A report card on the possibility of a viable freight rail route in the South East is due to be released in September.

The CSIRO began its investigation into the possibility of reinvigorating the South East's dormant rail freight corridors - including the Mount Gambier, Heywood and Wolseley lines - in November last year.

Dr Elizabeth Perkins from the Limestone Coast RDA says the study is building data on the current freight task.
This has been in the pipeline for a while, and may prove a double edge sword. There have been strong rumors the study will find it more economic for rail freight to be East out of Mount Gambier ie linking with the Western Victorian network and not North to Port Adelaide. It would effectively make SA's Limestone coast a shire of Victoria (as far as rail is concerned anyway). The Victorians are spending a lot on rail on their side of the border, and you can guarantee if it makes their upgrades more financially feasible to grab trade from over the border...that they will, by pushing their lines through. Same goes for the Riverland.
A hundred years ago, Victoria was pushing its railways into southern New South Wales to gain freight for its ports.

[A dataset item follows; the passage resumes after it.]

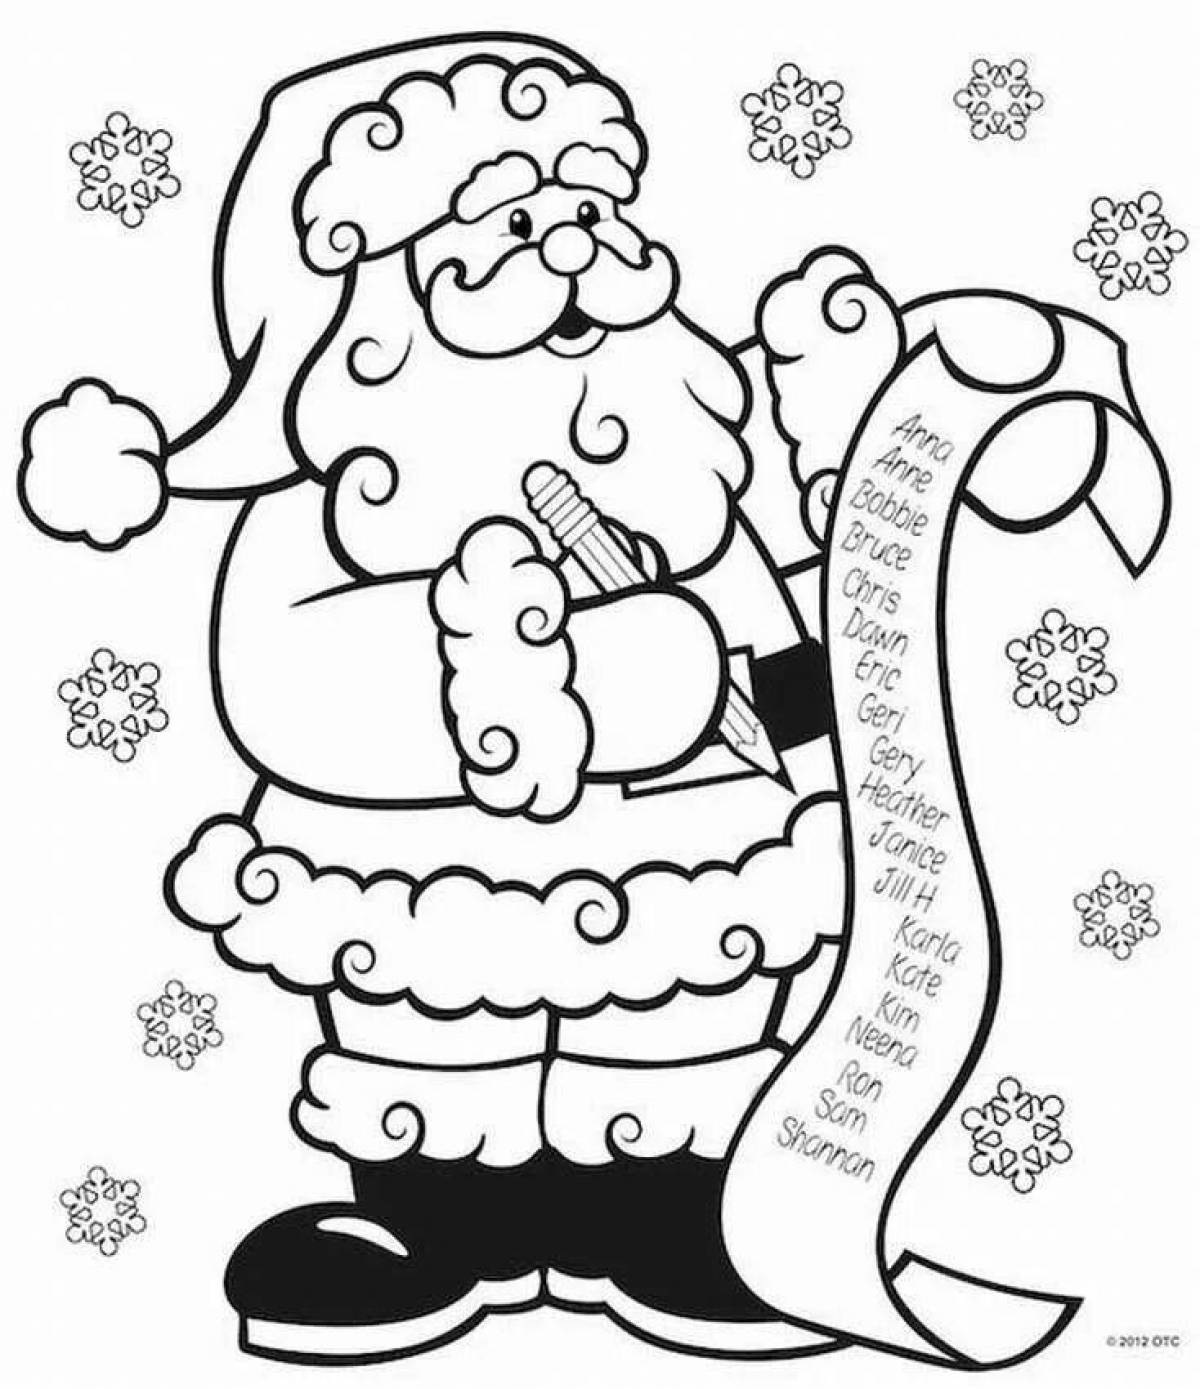 Crazy Santa Claus coloring book for 2-3 year olds

South Australia lacks a decent port west of the Mount Lofty Ranges, and a decent railway line over them. If we took state rivalry away, then exports through Portland make sense for both the Southeast and Riverland areas, especially if the Morkalla line was reopened and extended to Loxton.

The southeastern railways were originally built to access the ports at Beachport and Kingston SE, but neither of those is suitable for modern shipping. Is there anywhere between Portland and Cape Jervis that could be developed into a modern, safe bulk and/or container port?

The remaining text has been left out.